Go barebow. Really dark over here


----------



## MustangLassie (Aug 24, 2011)

Isaac, you said pretty much what I was thinking! I'd like to try freestyle without fully committing to it right away, just to see and feel the difference from my current set up.
The lens would help: I recently started wearing my glasses when I shoot and it is Not Working. Can't get target in focus.
There are great wrist strap shooters, but I am not one of them. You'd laugh if you saw the layers I added to get the strap to fit just right, and I have to squish it all together and shove it up my arm before every shot. I'm not sure the Sweet Spot I've acquired is right for me, but I'll give it a try.
I'm not expecting to be very competitive in freestyle, but I would like to see how we'll I can score with all the advantages.


----------



## Marooned (May 3, 2012)

mag41vance said:


> I would resist the Dark side. The force is strong!!!!!!!!!!! Basing it on Indoor scores, there isn't a huge difference in indoor results from FS to BH.(except on the 3spot with the babyx)

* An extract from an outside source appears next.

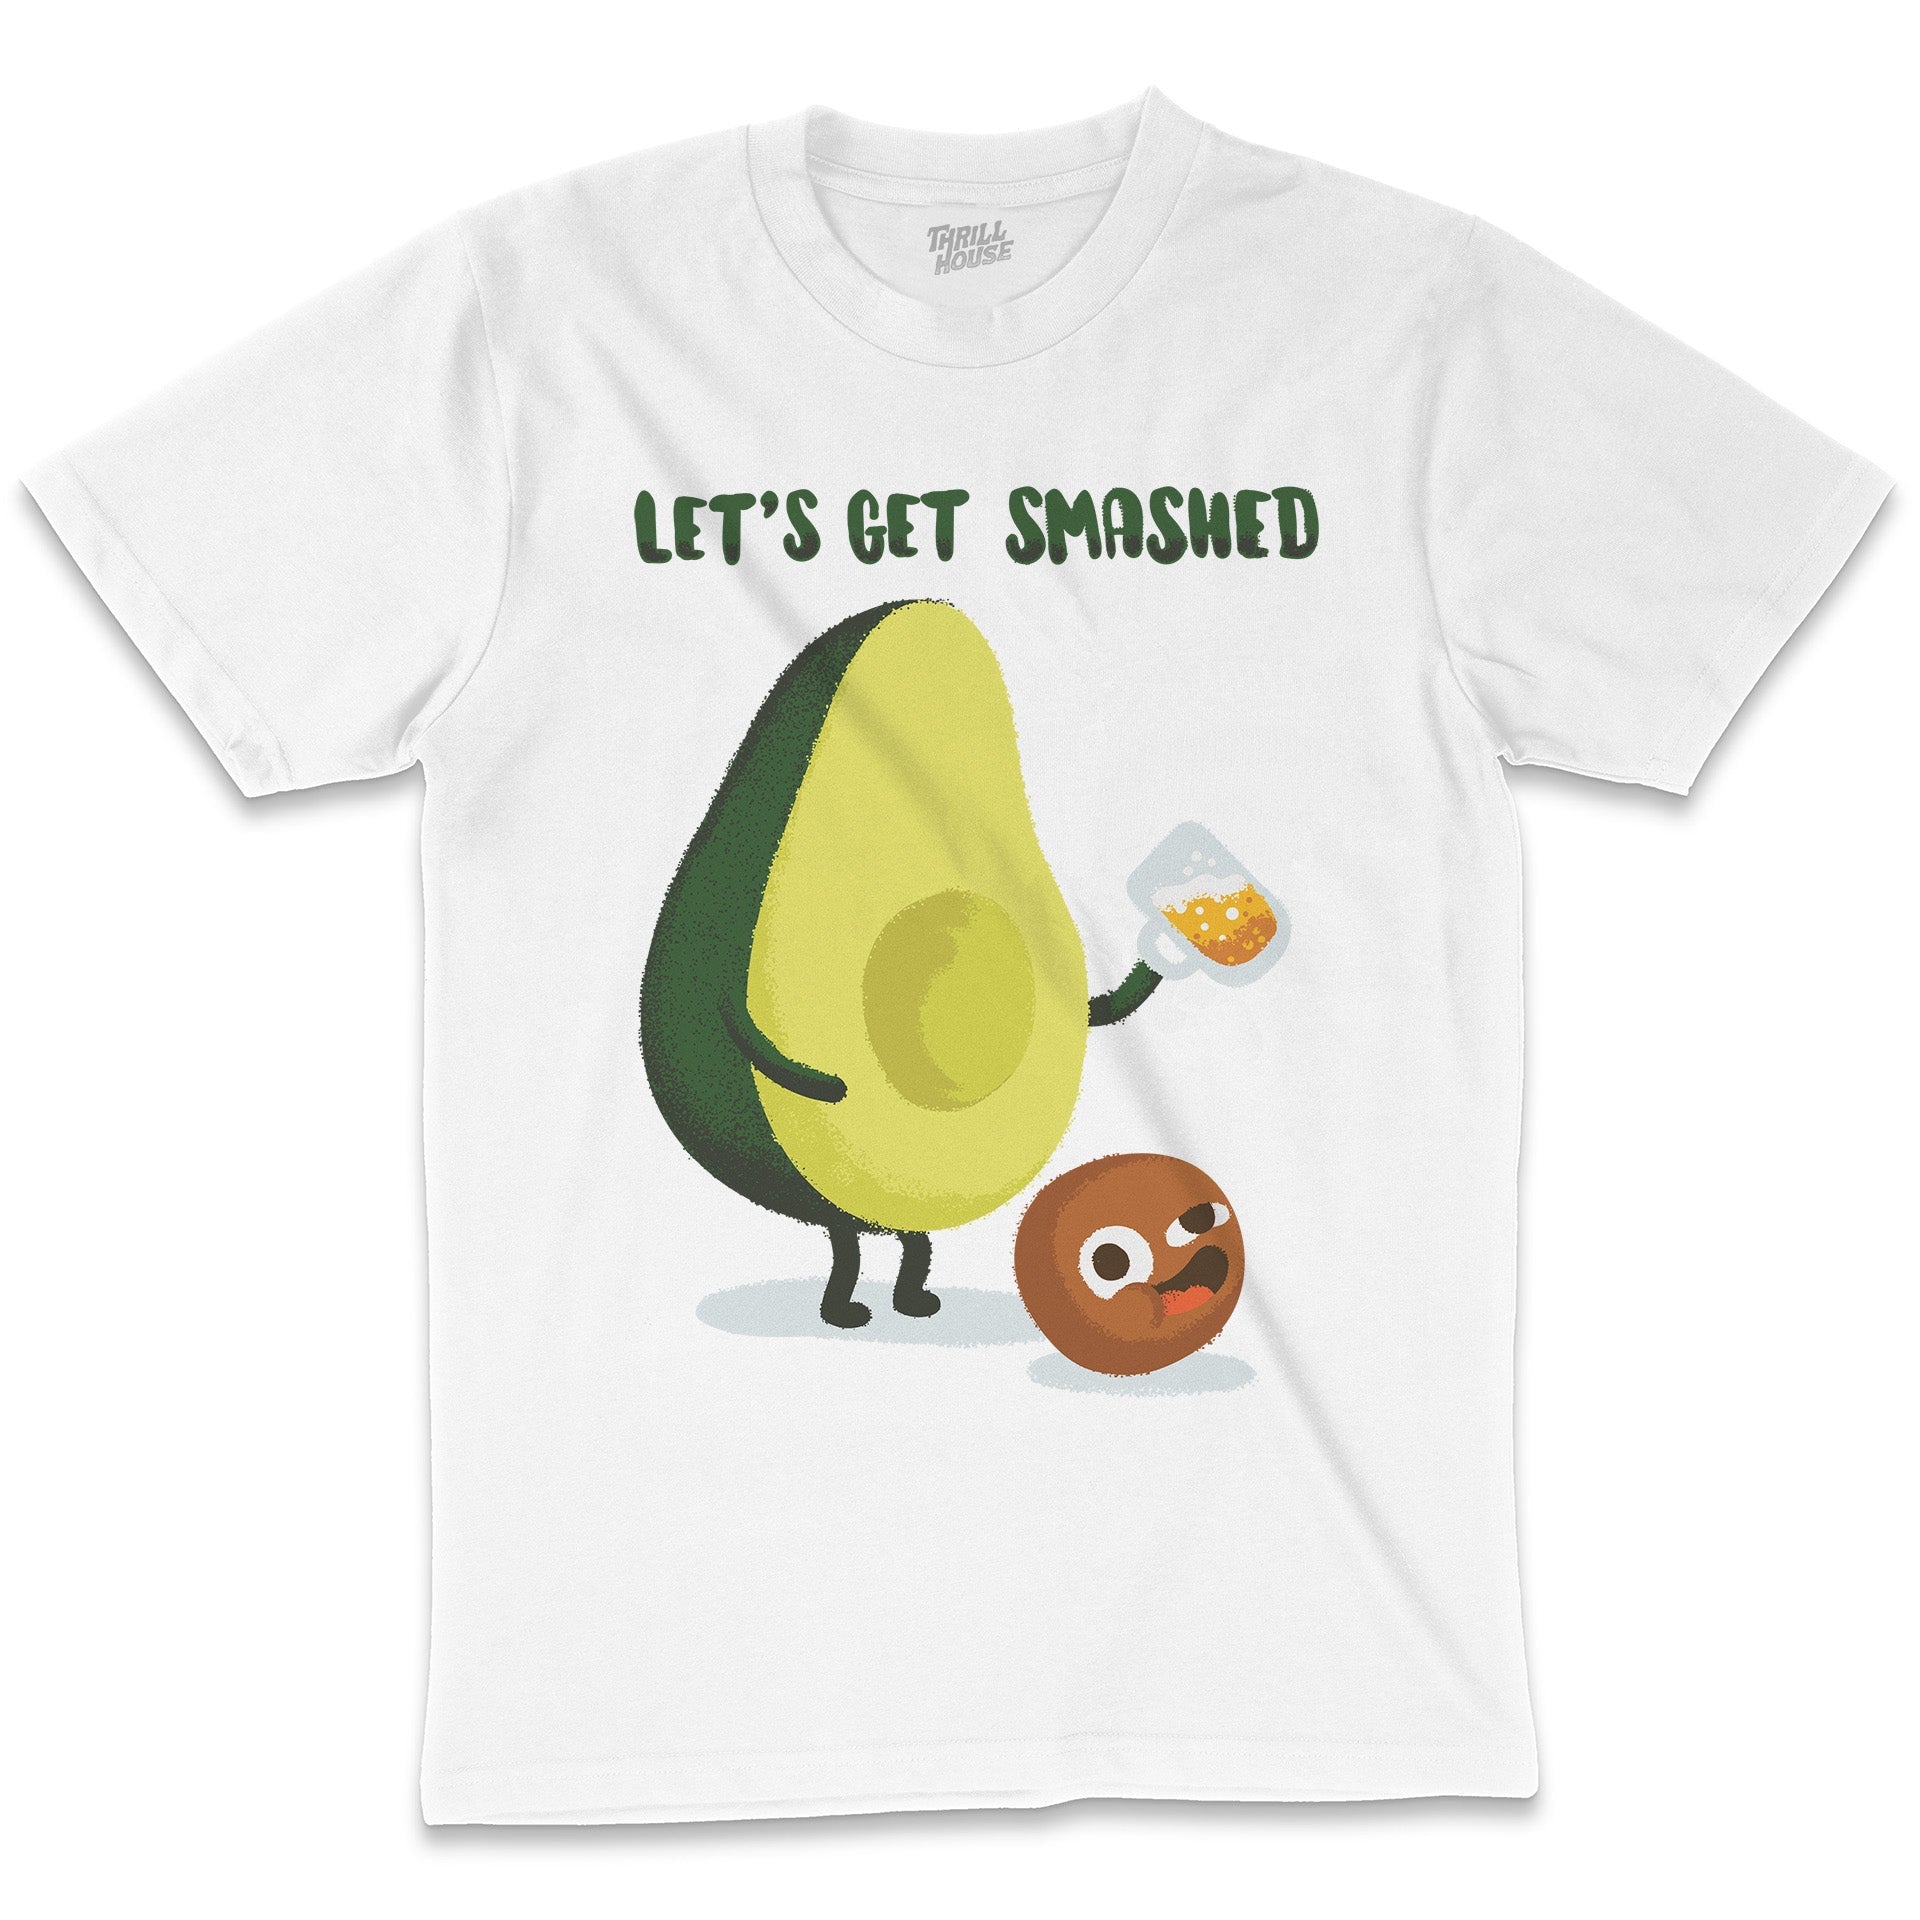 Avo Smash Avocado Funny Joke Foodie Booze Beer Drunk Fruit Cool Novelty Pun Parody Cotton T-Shirt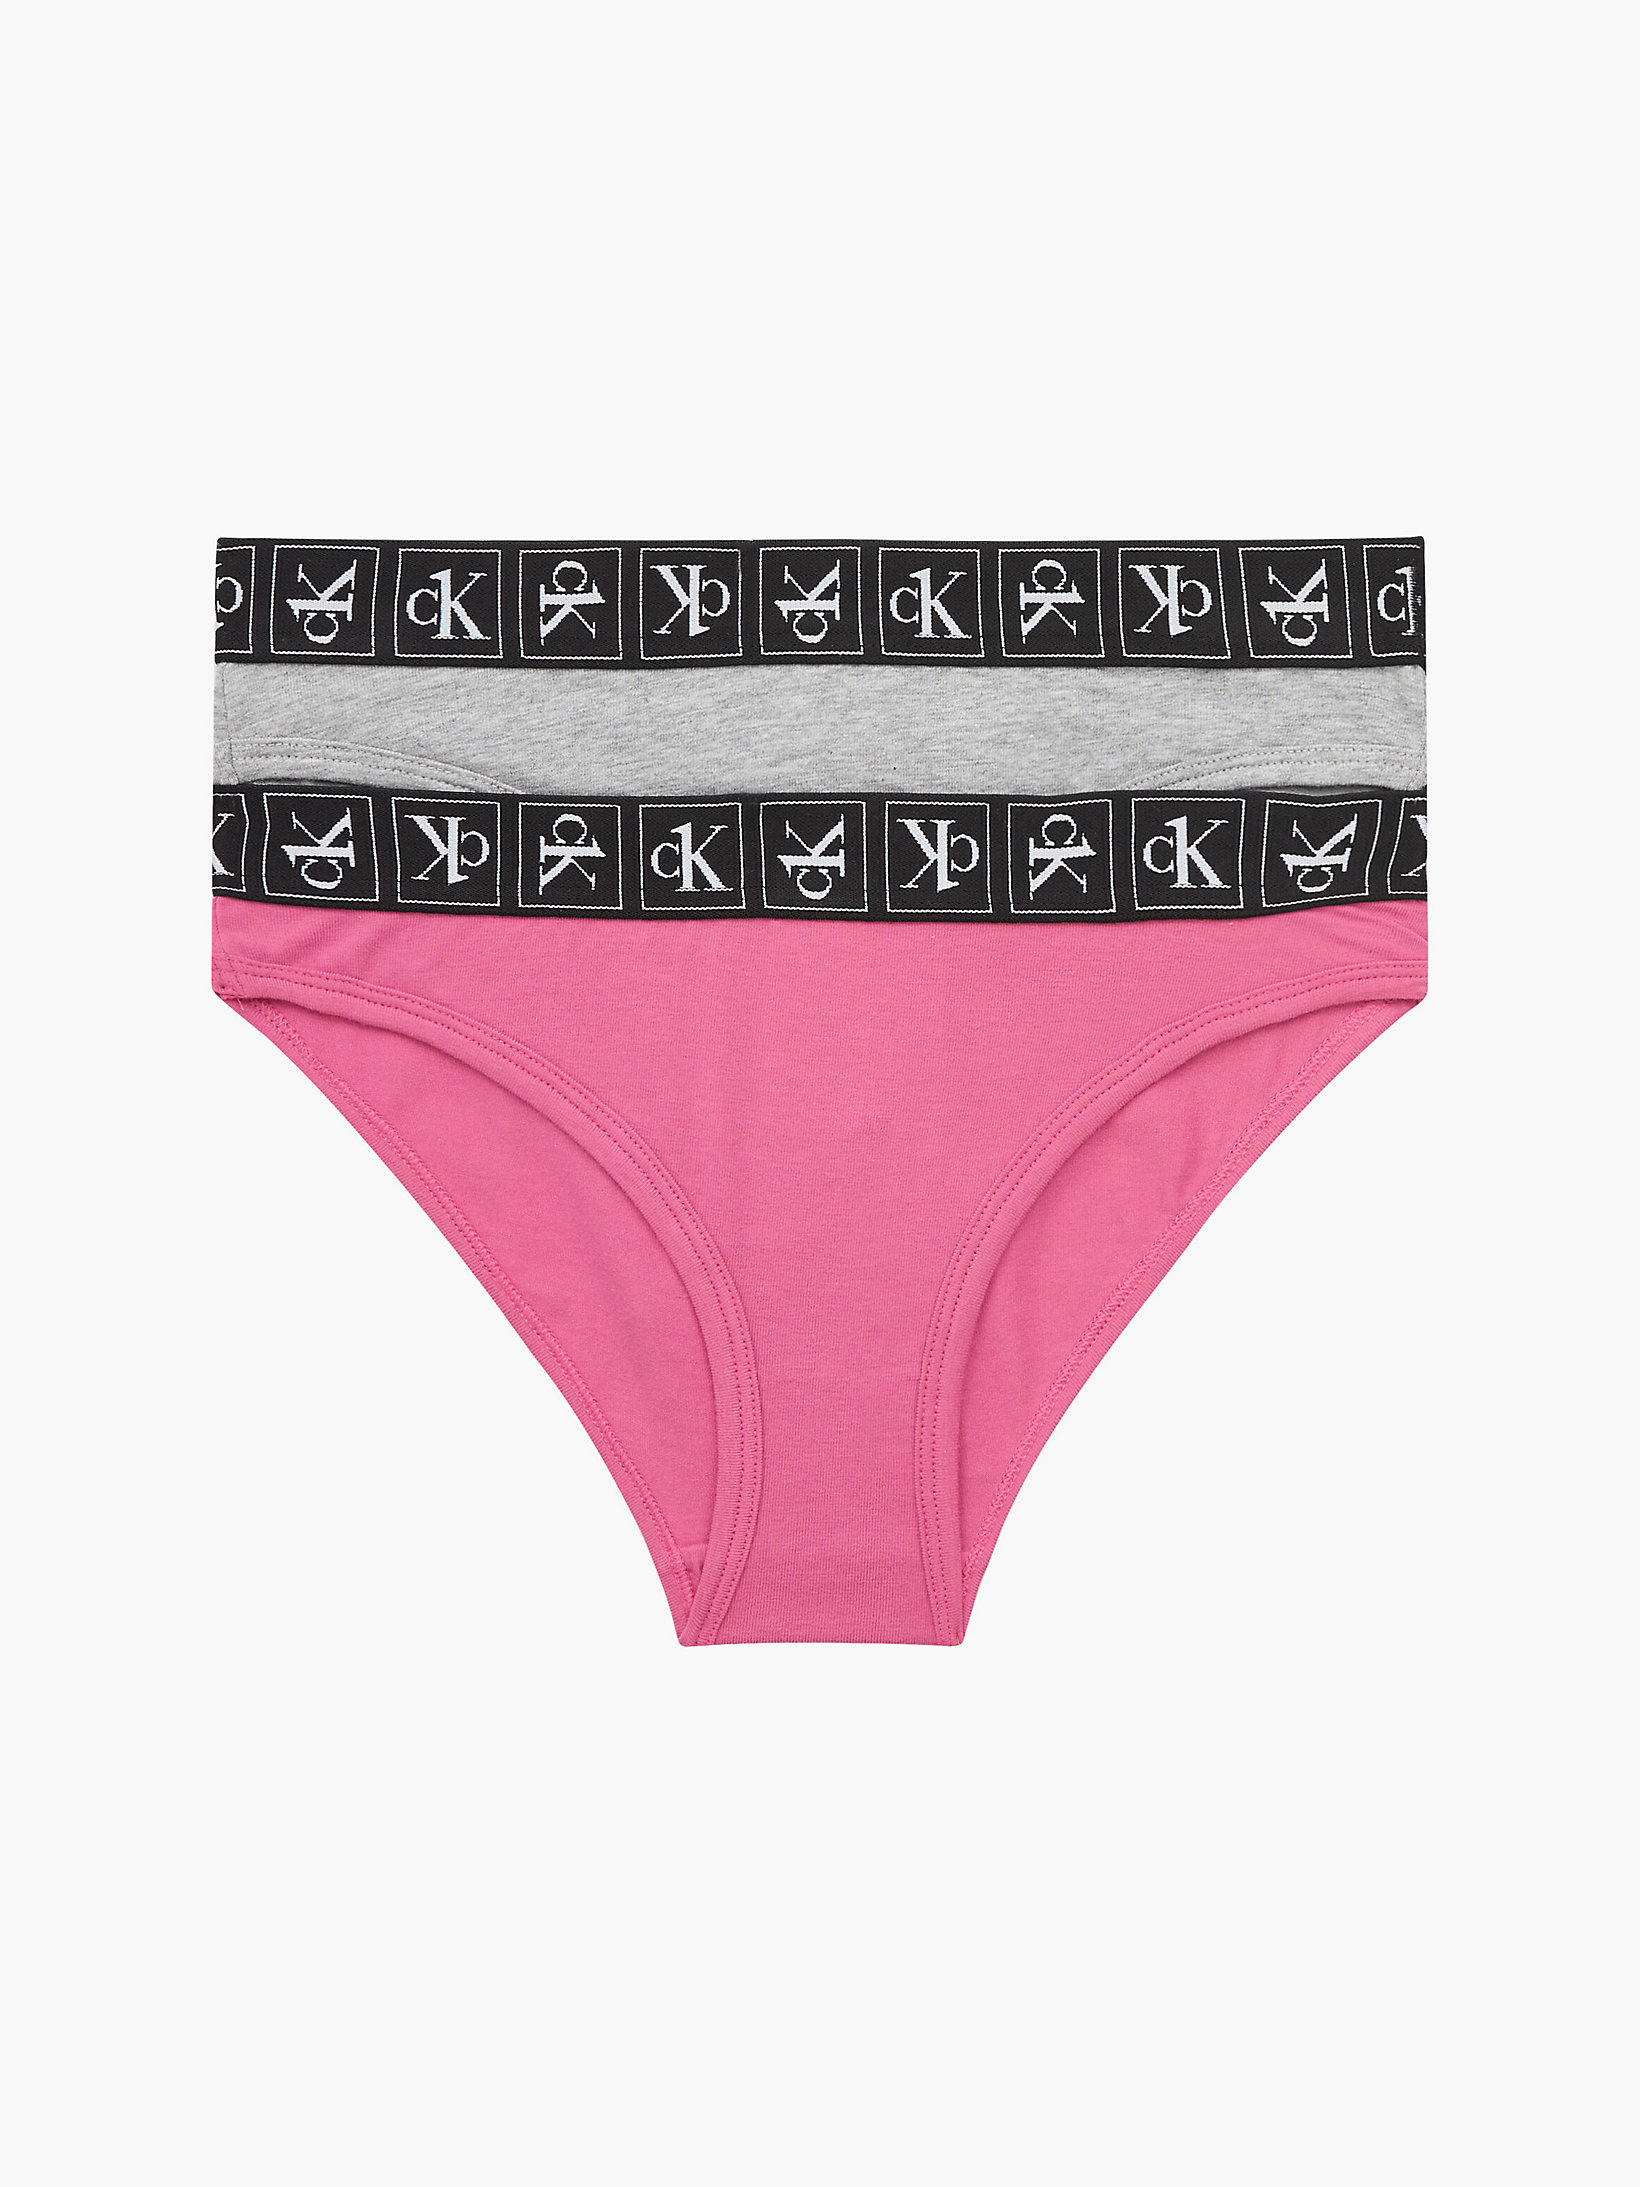 Pinkhydrangea/greyheather 2 Pack Girls Bikini Briefs - CK One undefined girls Calvin Klein

Not to hi-jack your thread, but what is a decent score (for the average FS compound shooter - not pro) on the 3 spot - scoring inner 10 (or babyx)?


----------



## cbrunson (Oct 25, 2010)

From my experience in doing the same thing, you wont shoot any better starting out. You will probably shoot worse for a while. Learning to use a hinge release is not a quick process. All of those advantages are worth nothing if you still have form, or mental issues. That's kinda where I'm at right now. I know how to correct them, I just got to get there. I shoot mid 290s, 15-x on Vegas and 45-50x on 5 spot targets


----------



## pragmatic_lee (Jan 19, 2008)

Lassie, even though I shoot left handed, I have a SureLoc Supreme that is easily converted to either side. I also have several different lens that I can install plus I have a Doinker 32" Pro Elite stab. You're welcomed to borrow all of these & I'll be glad to help you set it up. We'll be back to day light savings time after this Sunday so there should be some afternoon time at DCWC if you'd like to meet. I haven't got my new badge yet (got to do the safety class), but that shouldn't be a problem.


----------



## MustangLassie (Aug 24, 2011)

Marooned said:


> Not to hi-jack your thread, but what is a decent score (for the average FS compound shooter - not pro) on the 3 spot - scoring inner 10 (or babyx)?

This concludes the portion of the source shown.